# Canada BEATS USA!! Under 21 tournament



## Jwill55gRizZ (Jun 8, 2003)

Canada beat team usa in Argentina 93-90 in Overtime.. Levon Kendall for Canada scored 40 points!!!! Other notables were Aaron Doornekamp with 10 points, 9 boards, and 3 assists.. Also Garry Gallimore (whom had a 25 point effort yesterday against Isreal in a come-from-behind victory to make the playoff round) struggle a bit shooting the ball, but gave Canada 34 minutes of outstanding defense. Rautins (who along with Gallimore kept them in the tournament with 25 (gallimore) and 16 (Rautins) (most of which came in the 2nd half) Struggled a bit shooting, he shot 2 for 8 from downtown.. Him and gallimore appear to be their best shooters.. Rautins is lights out when he is on. Gallimore hit 5 threes against Israel. Vlad Kuljanin has continued his efficient play with 12 and 6 in 21 minutes. 

The story of the night though was LeVon (not LeBRON lol) Kendall who went crazy for 40 points on 16/22 shooting, 2 for 2 from downtown and 6/12 from the free throw line. The kid has no conscience.. Reppin Canada to the fullest. 


I think gallimore was guarding Gay or Reddick and Doornekamp was guarding Gay or Curtis Withers (who went 2/11) but had 10 boards.. 
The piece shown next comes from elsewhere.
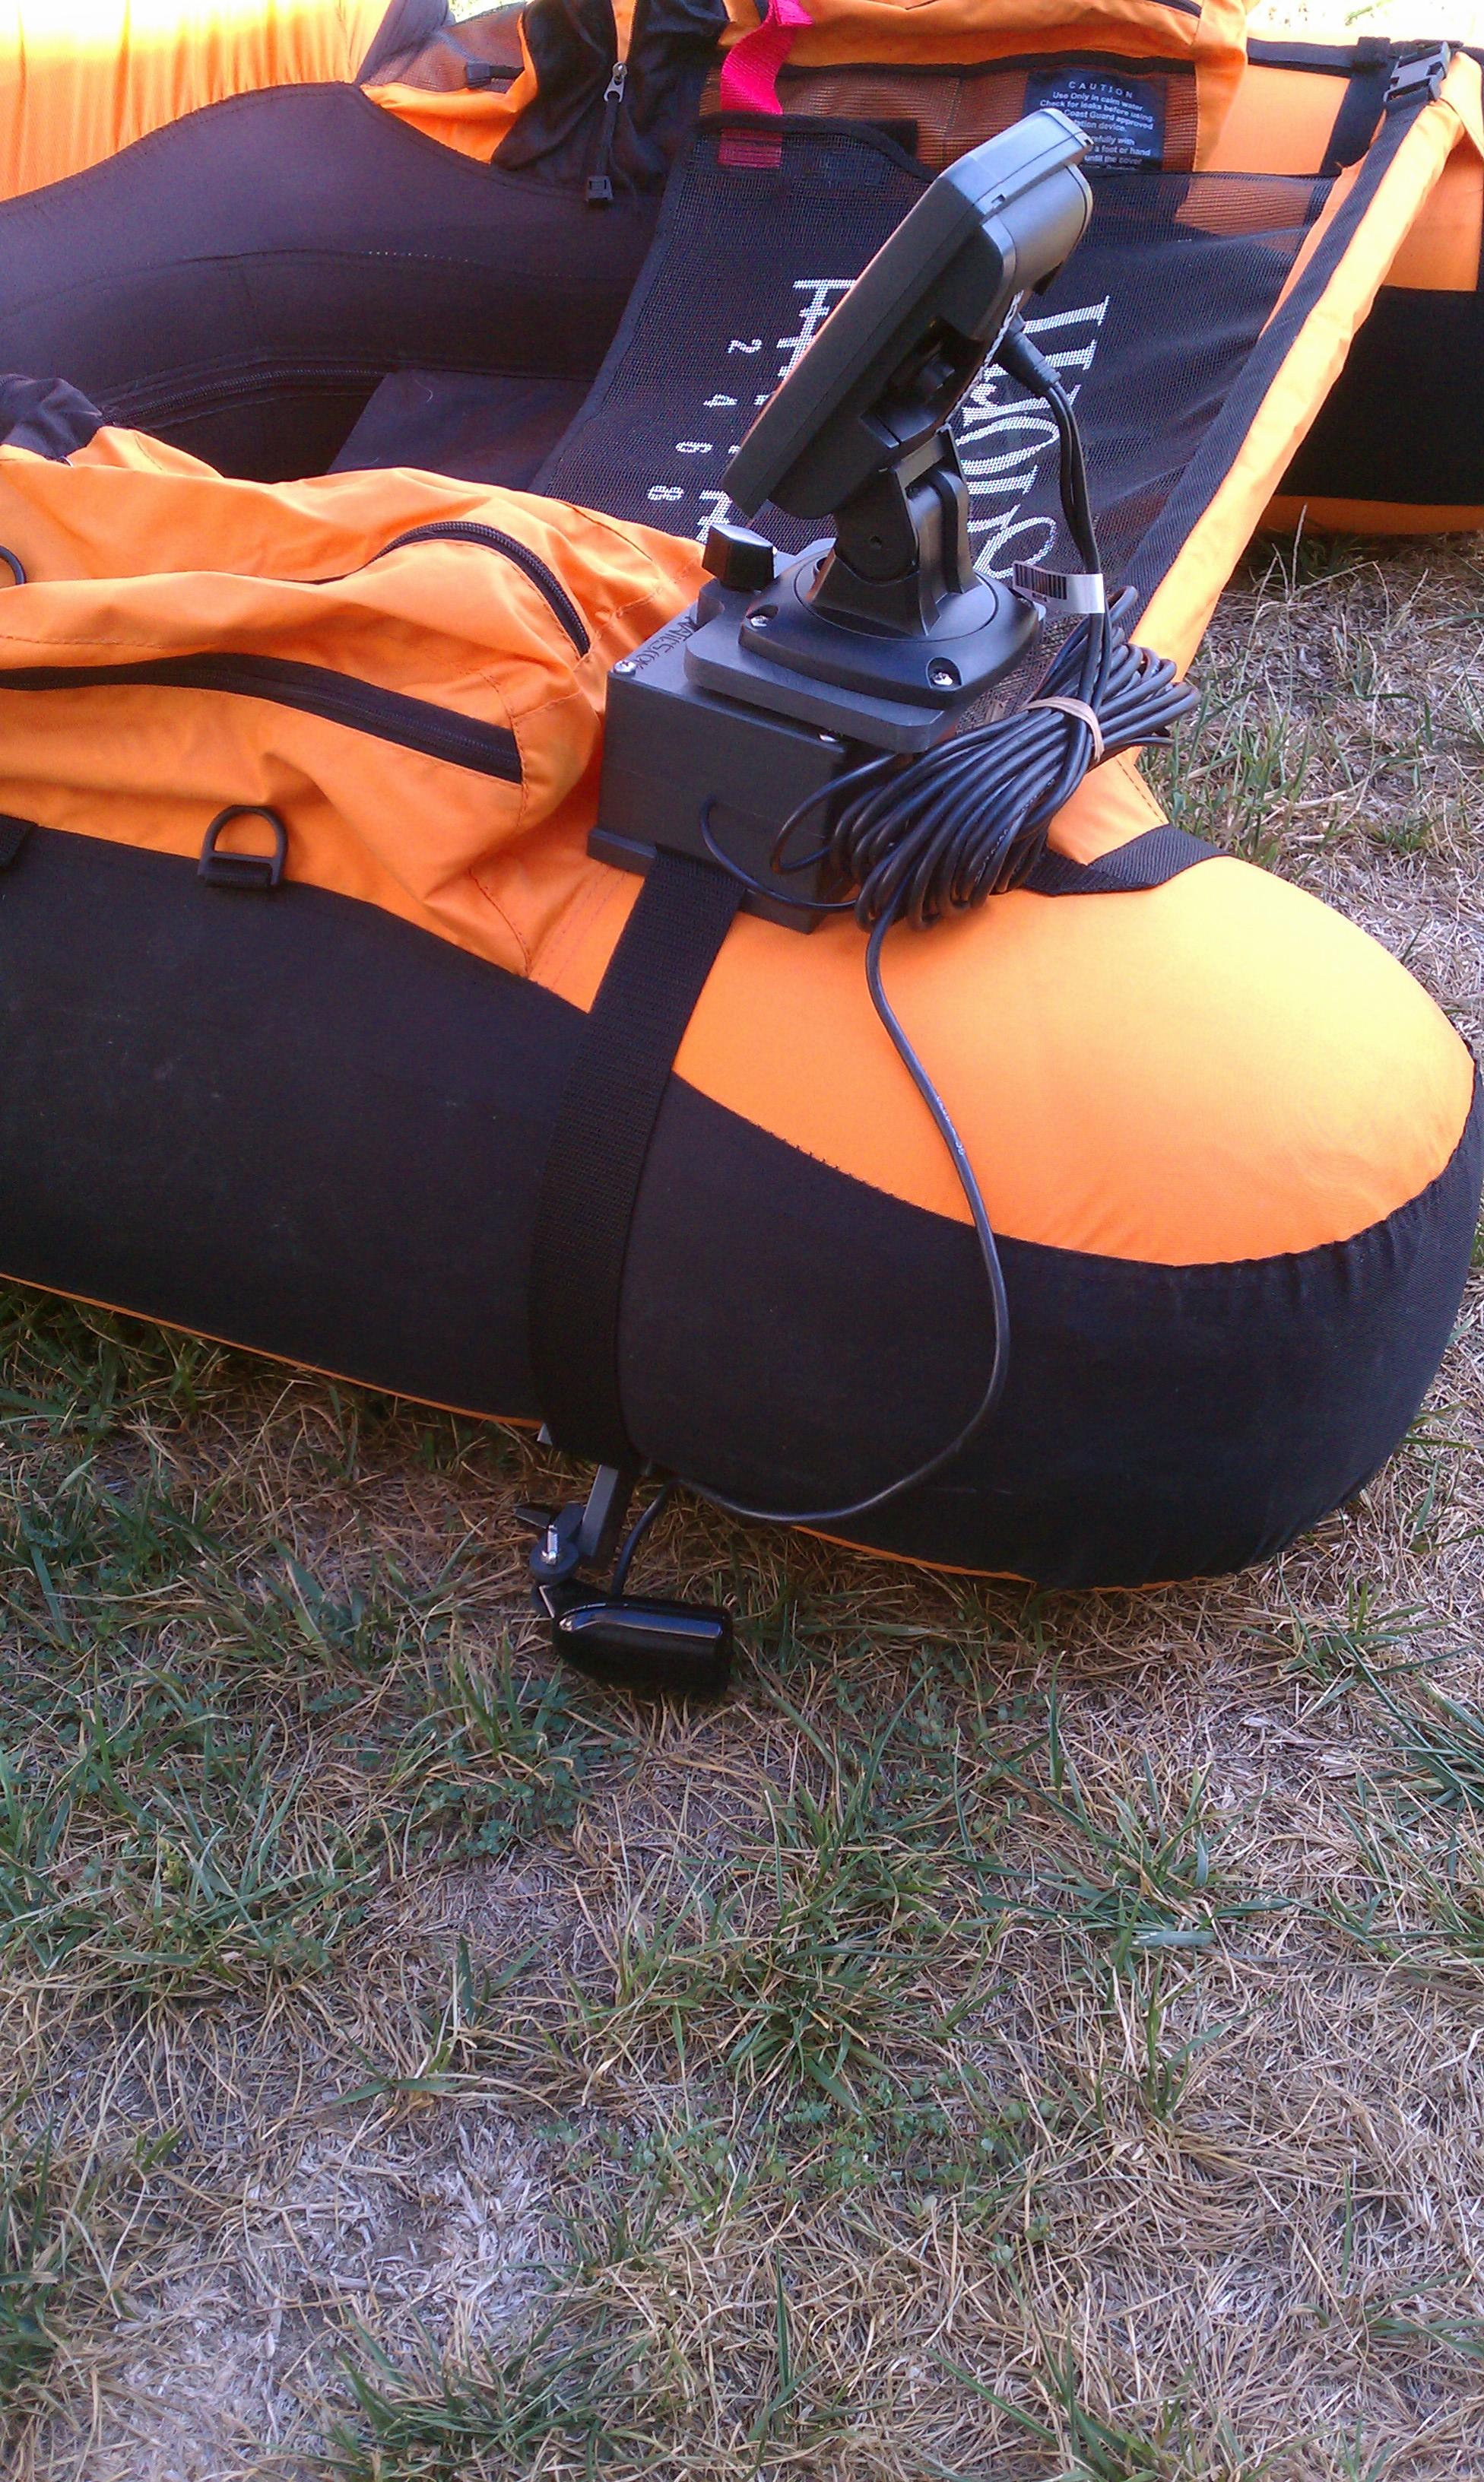 Put a depth sounder on a float tube
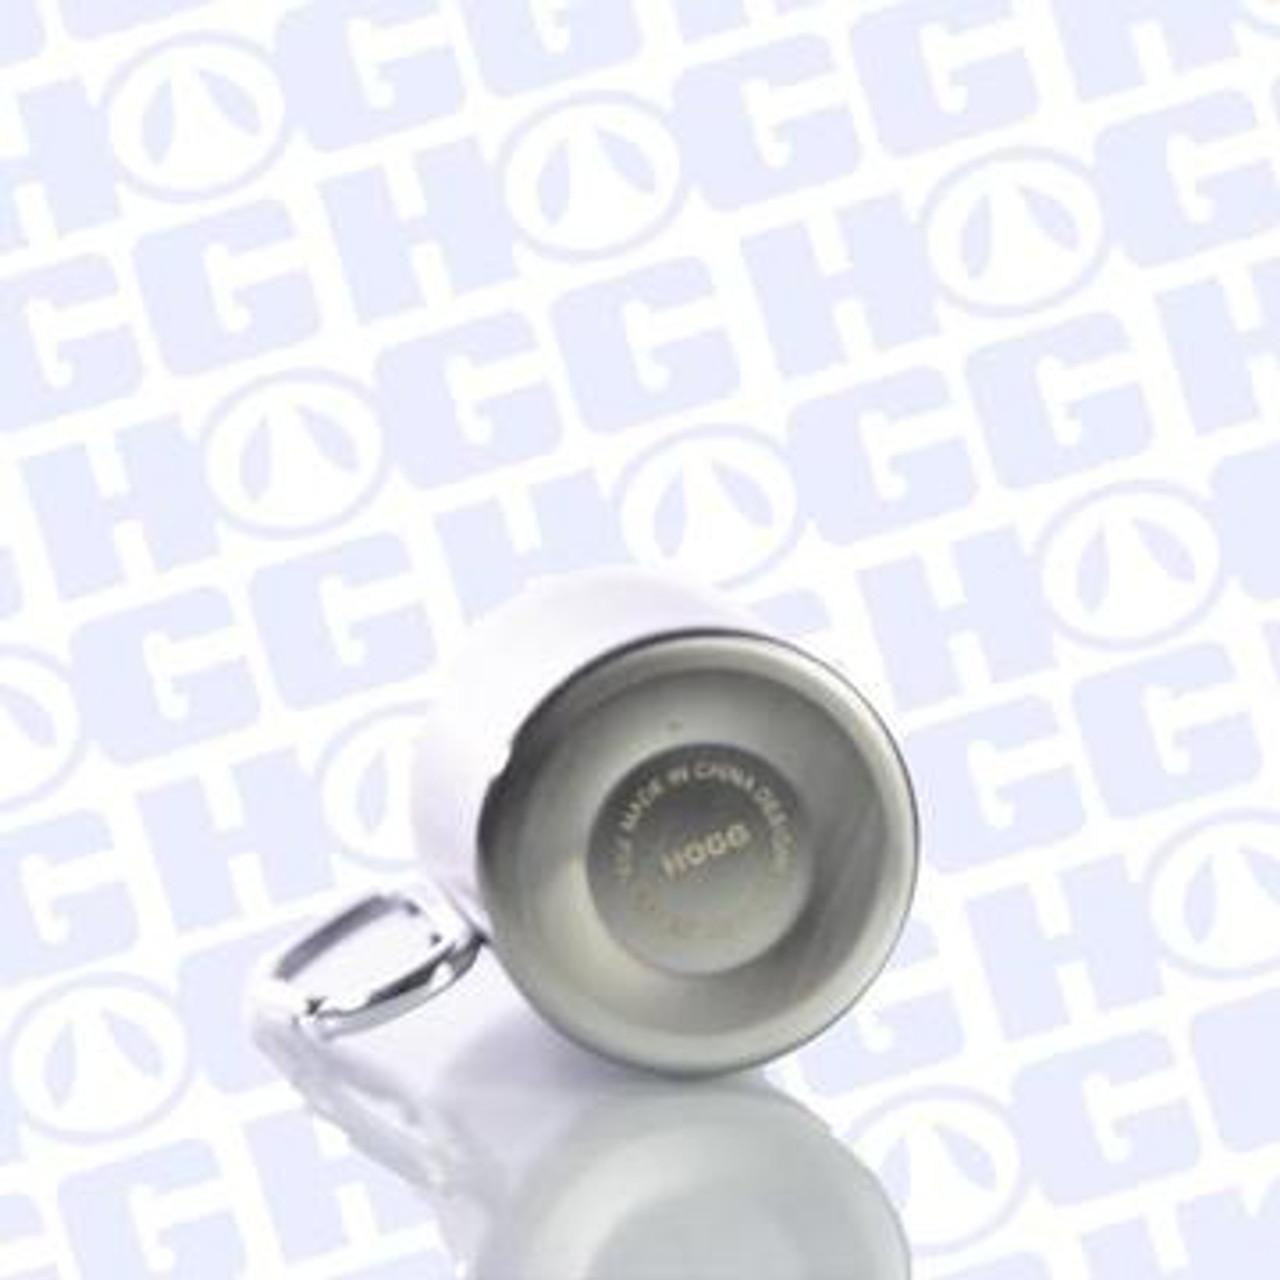 Carabiner Mug - 10oz - Stainless Steel

Canada beat them despite shooting 21% less from the free throw line (20/25 for 80% from USA and 16/27 for 59% from Canada)

Canada with a BIG WIN!


----------



## Turkish Delight (Mar 17, 2004)

Nice, was this game on TSN?


----------



## Jwill55gRizZ (Jun 8, 2003)

Jwill55gRizZ said:


> Canada beat team usa in Argentina 93-90 in Overtime.. Levon Kendall for Canada scored 40 points!!!! Other notables were Aaron Doornekamp with 10 points, 9 boards, and 3 assists.. Also Garry Gallimore (whom had a 25 point effort yesterday against Isreal in a come-from-behind victory to make the playoff round) struggle a bit shooting the ball, but gave Canada 34 minutes of outstanding defense. Rautins (who along with Gallimore kept them in the tournament with 25 (gallimore) and 16 (Rautins) (most of which came in the 2nd half) Struggled a bit shooting, he shot 2 for 8 from downtown.. Him and gallimore appear to be their best shooters.. Rautins is lights out when he is on. Gallimore hit 5 threes against Israel. Vlad Kuljanin has continued his efficient play with 12 and 6 in 21 minutes.
> 
> The story of the night though was LeVon (not LeBRON lol) Kendall who went crazy for 40 points on 16/22 shooting, 2 for 2 from downtown and 6/12 from the free throw line. The kid has no conscience.. Reppin Canada to the fullest.
> 
> ...



Heres the boxscore from the Isreal game http://www.fibaamericas.com/fnabox.asp?g=A&n=14&r=4518

and heres the boxscore from the USA game - http://www.fibaamericas.com/fnabox.asp?g=36&n=A&r=4519


and here are pictures








Aaron Doornekamp and Garry Gallimore hyping each other up









The game heard round the world'...









USA BENCH


----------



## Jwill55gRizZ (Jun 8, 2003)

Turkish Delight said:


> Nice, was this game on TSN?



Not that i know of..


----------



## vi3t_boi11 (Aug 14, 2004)

wow, what an upset, USA blows everyone out and loses to Canada


----------



## ballafromthenorth (May 27, 2003)

Kendall was awesome playing for Kitsilano in the BC provincials a few years back.. I figured it was only a matter of time before he started showing what he could do. I was so happy when I heard about this, hopefully we can continue winning and finish in 1st!


----------



## DanDickau (Jan 9, 2005)

Great win for Canada!! :banana: Does this mean USA's out of the tournament now?


----------



## PartisanRanger (Oct 24, 2004)

How embarassing... And it said Rudy Gay and JJ Redick were a part of this team?


----------